Ectopic pregnancy

Ectopic pregnancy

Ectopic pregnancy is the pregnancy occurring outside normal uterine cavity. It occurs when the fertilized ovum implants and develops anywhere outside the uterus. In a normal pregnancy ovary releases the egg into fallopian tube which is fertilized by a sperm and passes into the uterine cavity and attaches itself to the lining of uterus, which remains there and develops for next 9 months. Commonest form is tubal ectopic pregnancy.

Causes and risk factors

Factors responsible for ectopic pregnancy are increased incidence of chronic pelvic inflammatory disorder, tubal plastic operations, tubal reconstructive surgery, ovulation induction, history of induced abortion, IUD use, and intrapelvic adhesion following pelvic surgery.  Factors delaying migration of fertilized ovum into the uterine cavity and factors facilitating nidation of fertilized ovum in the tubal mucosa result in tubal ectopic pregnancy.

Clinical presentation

Implantation sites of fertilized ovum in an ectopic pregnancy can be either extra uterine or uterine. Extra uterine implantation include tubal, ovarian, or abdominal. Tubal pregnancy can occur in the ampulla, isthumus, infundibulum, or interstitial. Abdominal sites can be intraperitoneal or extraperitoneal. Uterine site involves cervical, angular or corneal.

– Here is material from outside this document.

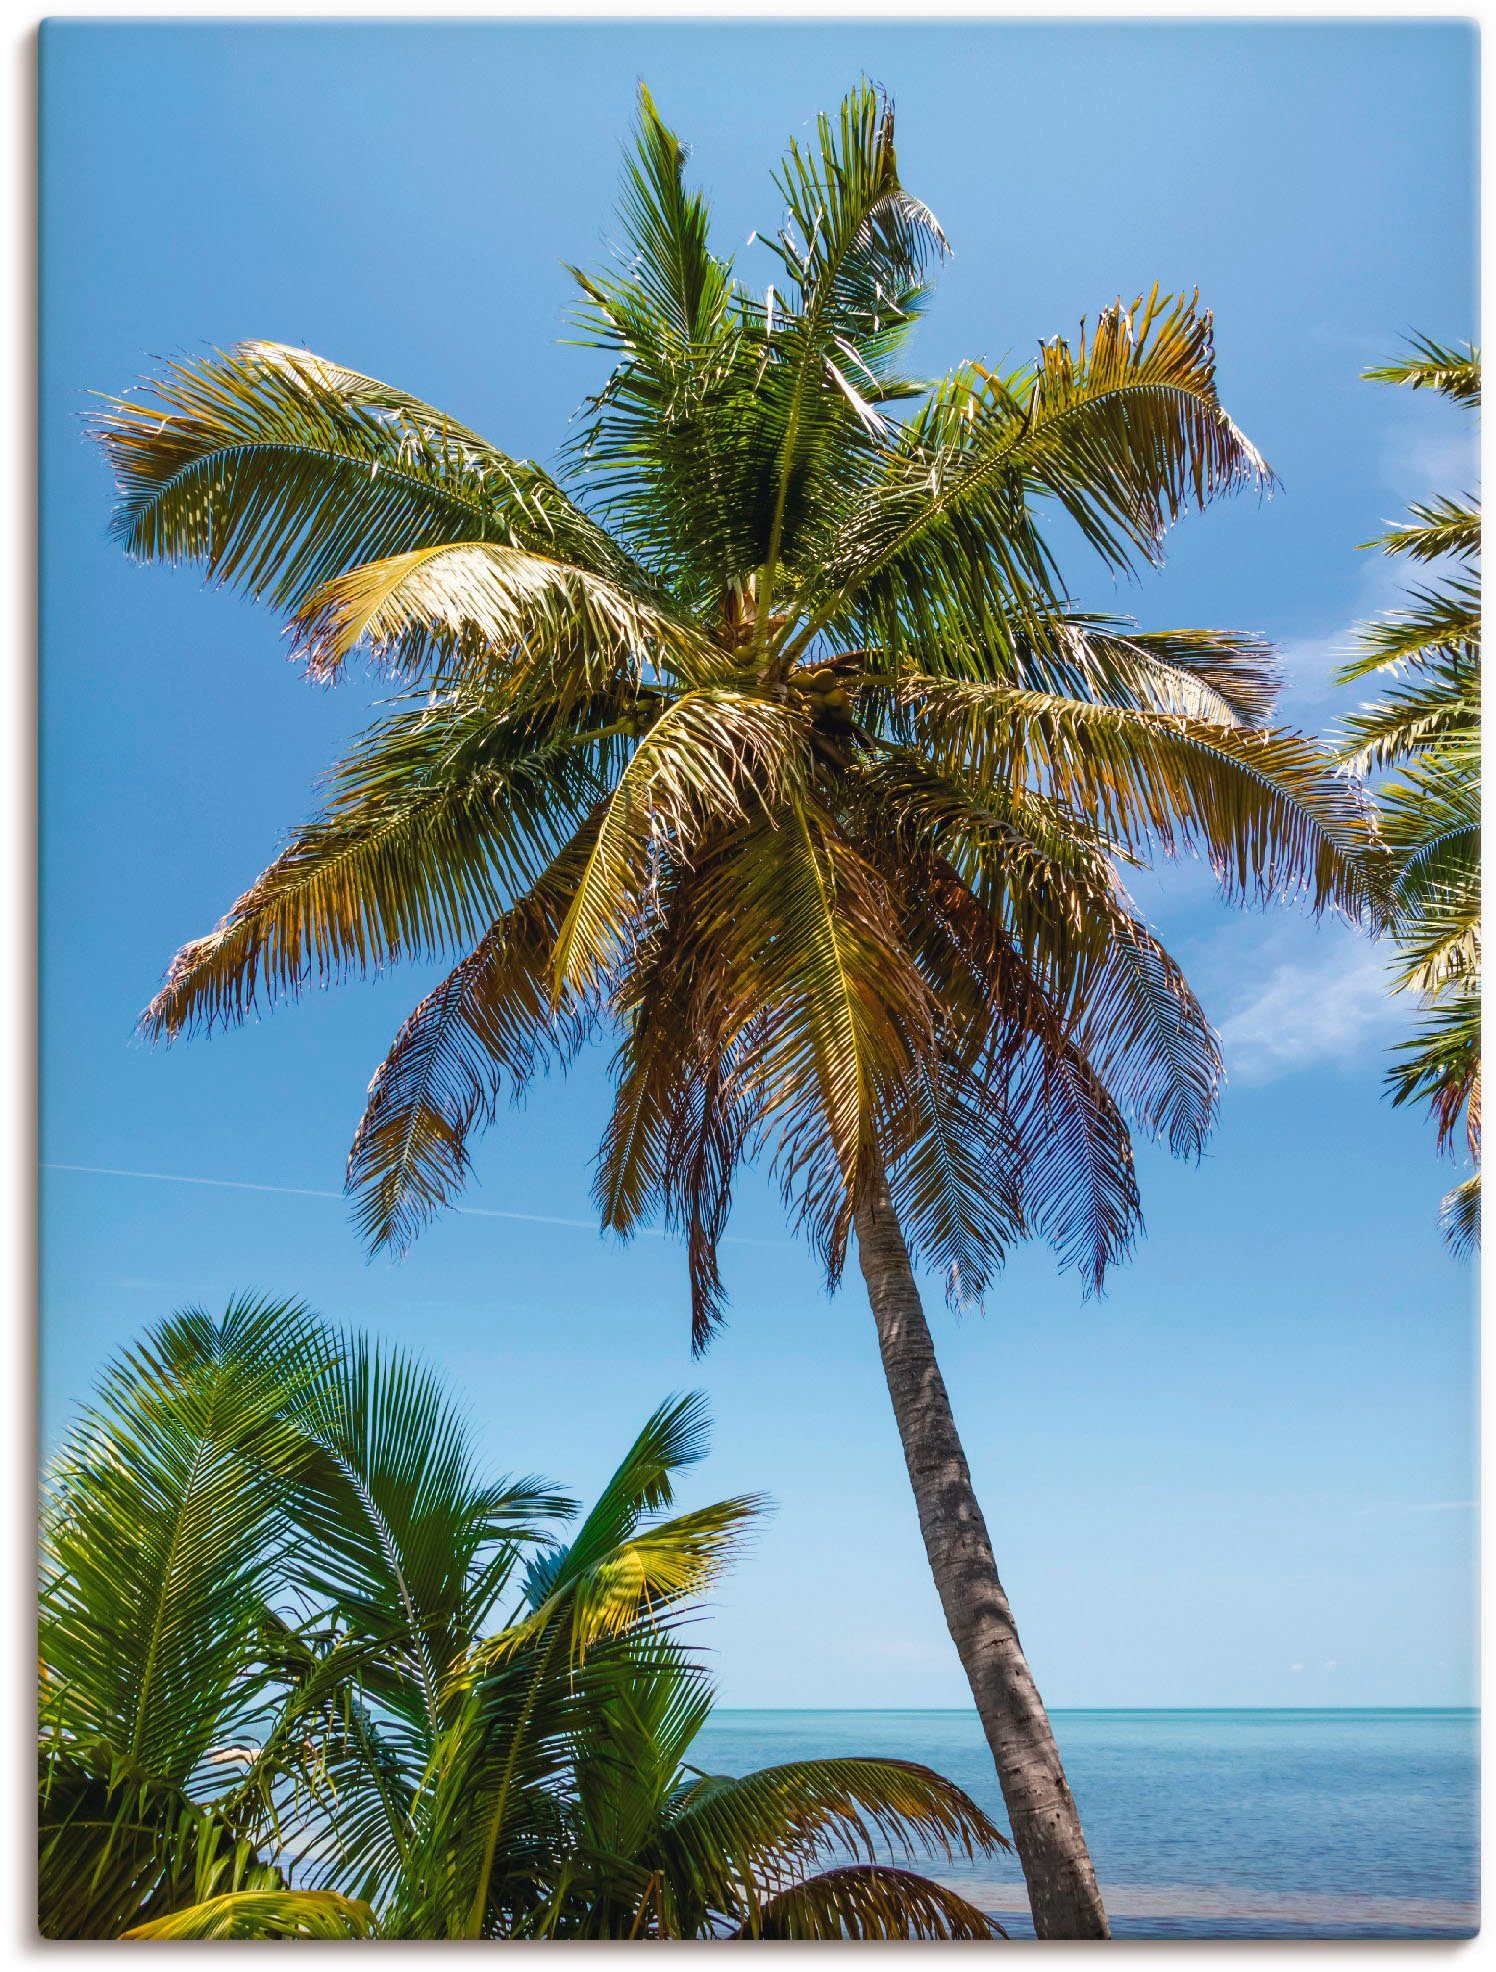 Artland Artprint Florida Keys palm & ocean in vele afmetingen & productsoorten -artprint op linnen, poster, muursticker / wandfolie ook geschikt voor de badkamer (1 stuk)
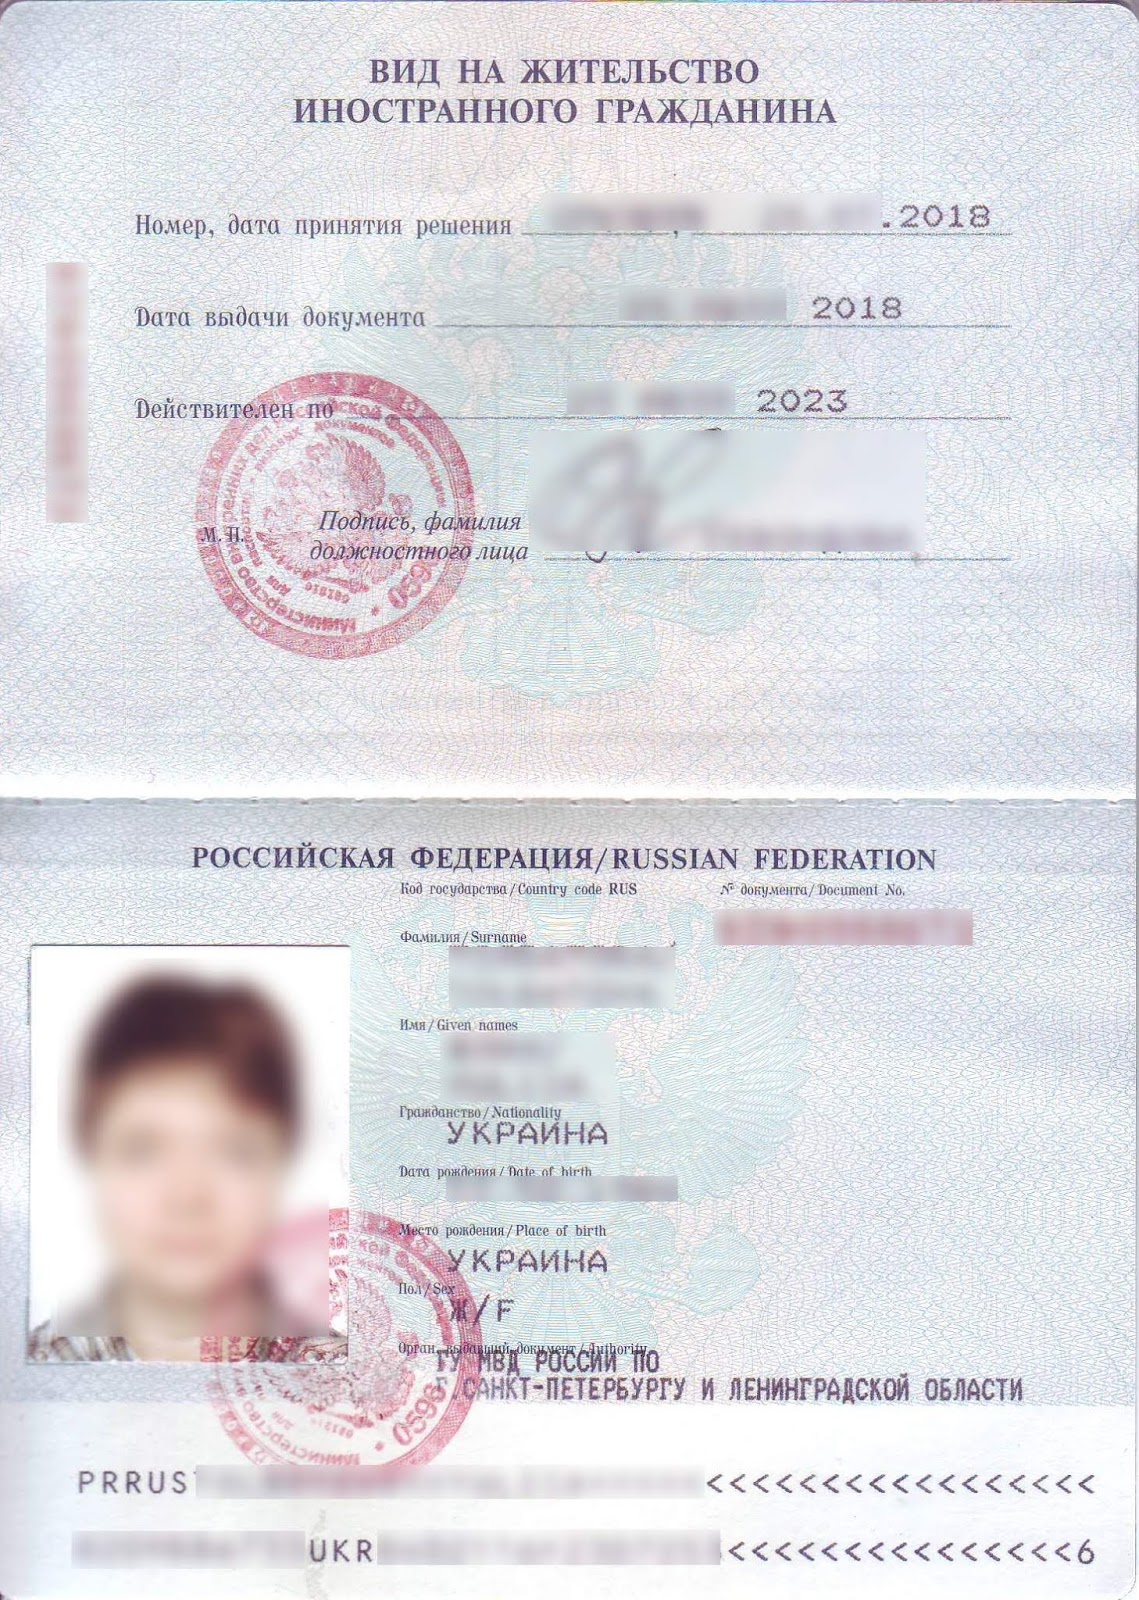 Как выглядит вид. Паспорт вид на жительство иностранного гражданина в РФ. Вид на жительство иностранного гражданина в РФ 2020. Вид на жительство иностранного гражданина в РФ 2021. Вид на жительство копия.

Clinical features include 3 types acute, unruptured, or chronic. Classic picture of acute ectopic pregnancy includes short period of amenorrhoea, followed by abdominal pain, vaginal bleeding followed by dizziness. Unruptured tubal ectopic involves delayed period or spotting with features suggestive of pregnancy, uneasiness on one side of flank. Chronic ectopic has an insidious onset. It presents as amenorrhoea of 6-8weeks, lower abdominal pain, vaginal bleeding, bladder irritation, rectal tenesmus, and fever due to infection. Period of ectopic pregnancy lasts from 5 to 12 weeks. Earlier the diagnosis, better the treatment. Ruptured ectopic pregnancy is clinical emergency where patient presents with pain in abdomen, vaginal bleeding, dizziness or unconsciousness with signs of shock.

Investigation

Medical history by the patient and Clinical examination by the gynaecologist helps in diagnosis. Bimanual examination of cervix may be extremely painful and reveal ill defined mass. UPT to confirm pregnancy, routine Blood tests, ESR; serum progesterone, serum HCG level. Transvaginal sonography, colour Doppler sonography will reveal ectopic pregnancy.

Treatment

Medication [drug methotrexate] to terminate the pregnancy is helpful in case the ectopic pregnancy is diagnosed early. In other cases it is treated with a laparoscopic surgery. In case of heavy bleeding, tubal rupture laprotomy may be recommended. Ectopic pregnancy if not well treated can lead to maternal death.

Facts and figures

Prevalence of ectopic pregnancy ranges from 6 to 16 %. Incidence has increased during mid twentieth century. It was 20 per 1000 pregnancies in 1990s. The most common extra uterine site is the fallopian tube which constitutes 98% of all the ectopic pregnancies.